About this exercise → No line before the one holding "372 Henley Hall, Coleraine" is to be copied; that line and all after it, through the end of the listing, are returned exactly, minus pictures.

Supplied information →
Start of Block
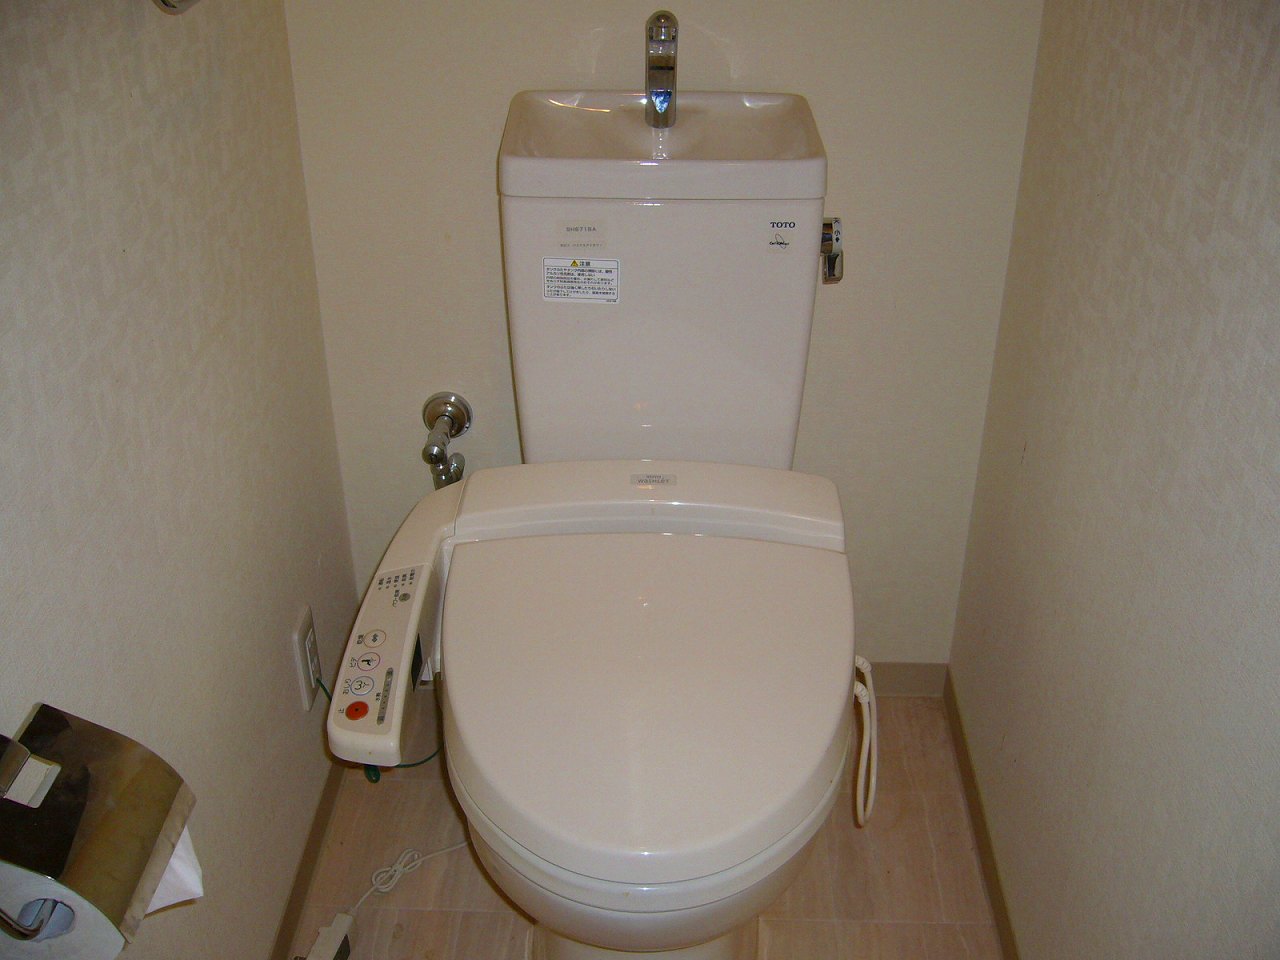 Toilet. Of the margin is wide
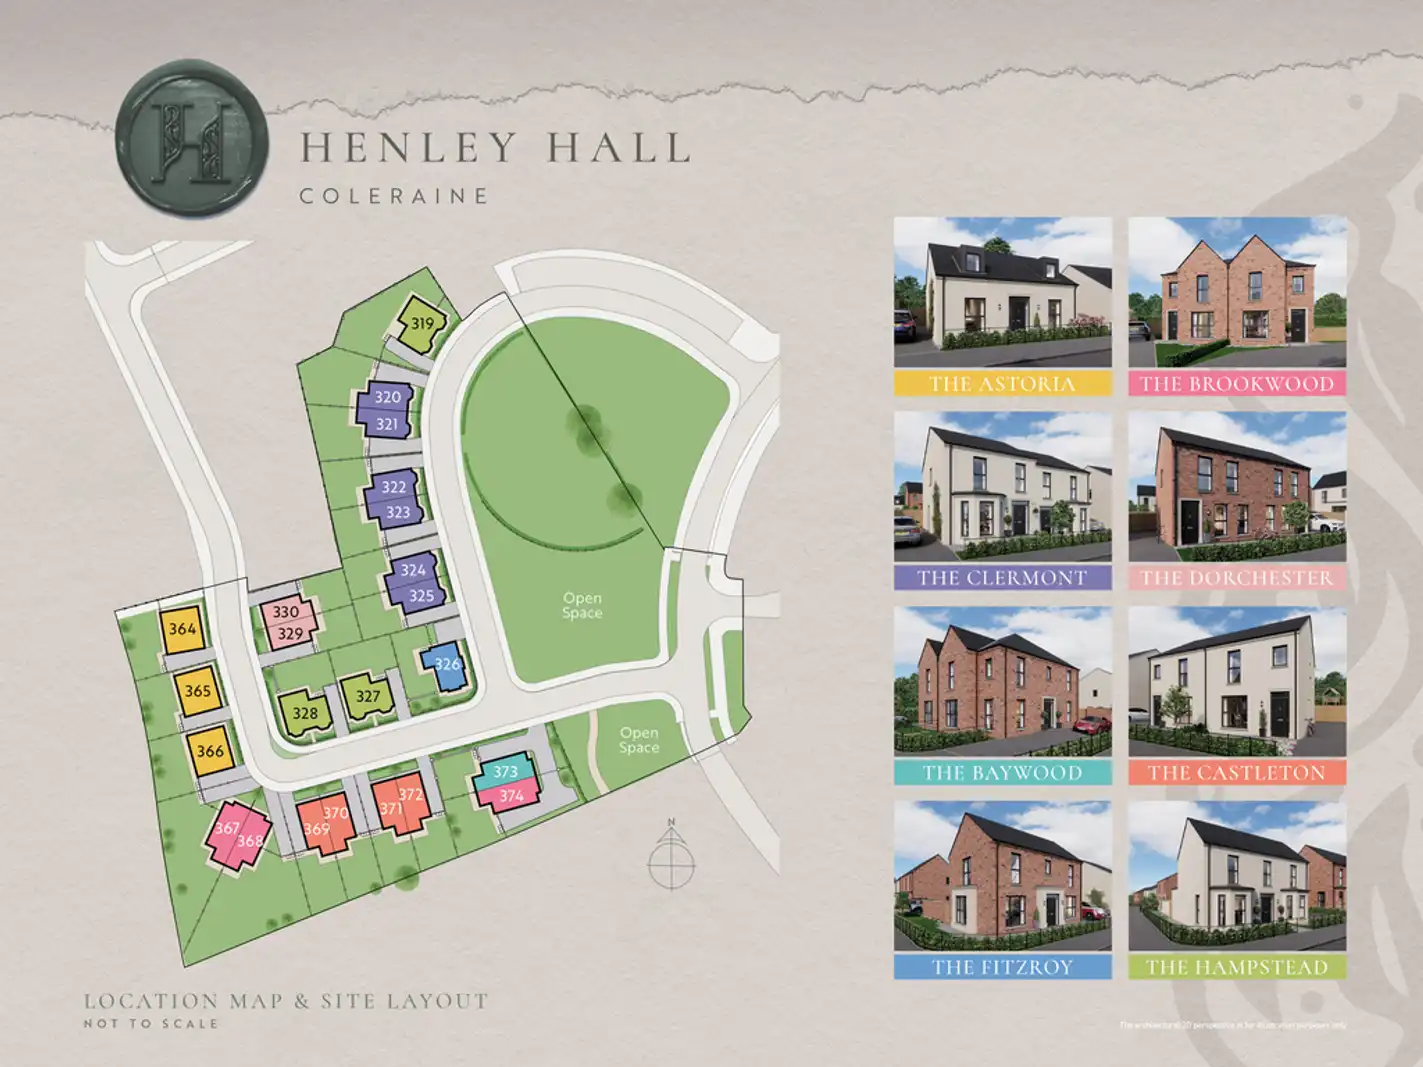 372 Henley Hall, Coleraine
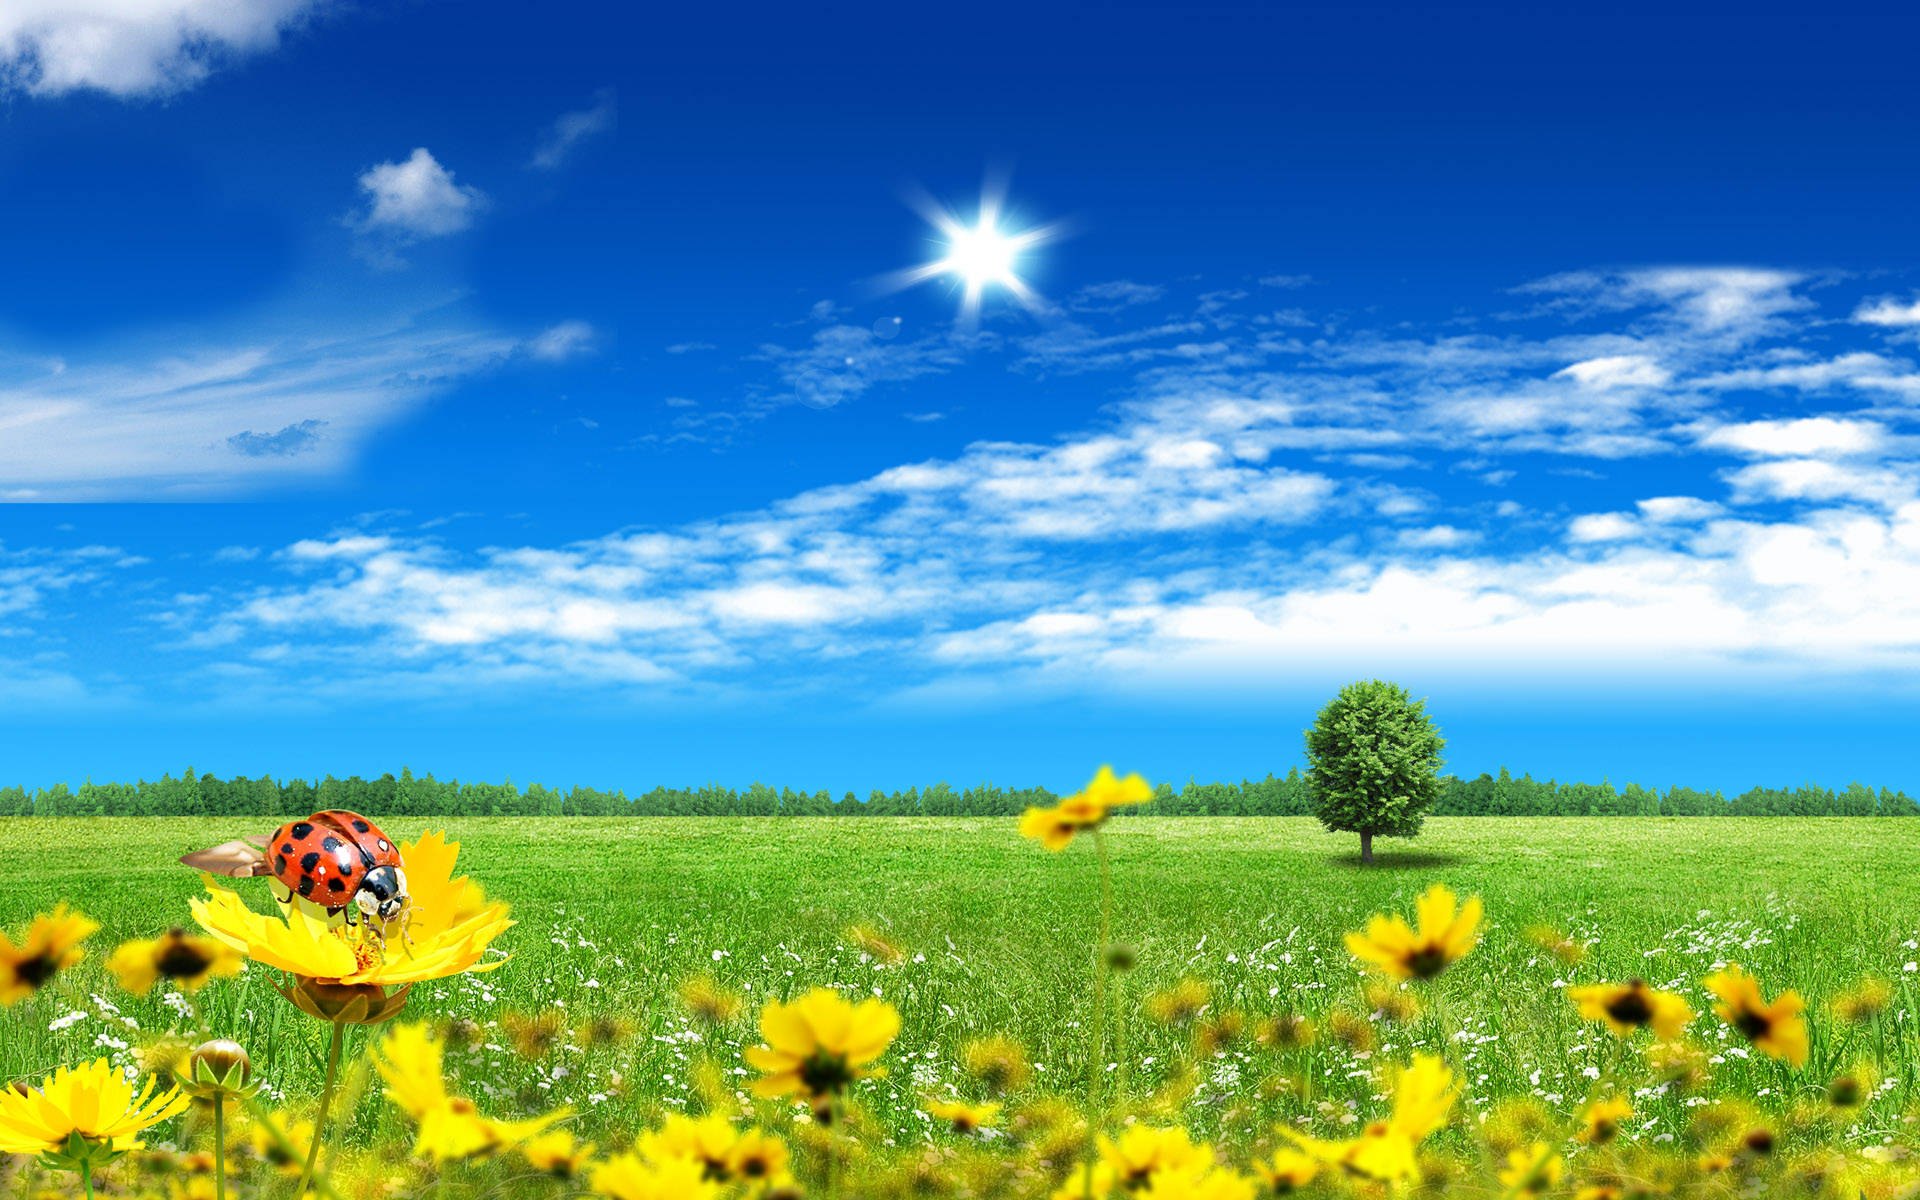  mi9comfree summer fantasy landscape for desktop wallpaper 80967html
End of Block
Expected answer →
 372 Henley Hall, Coleraine
  mi9comfree summer fantasy landscape for desktop wallpaper 80967html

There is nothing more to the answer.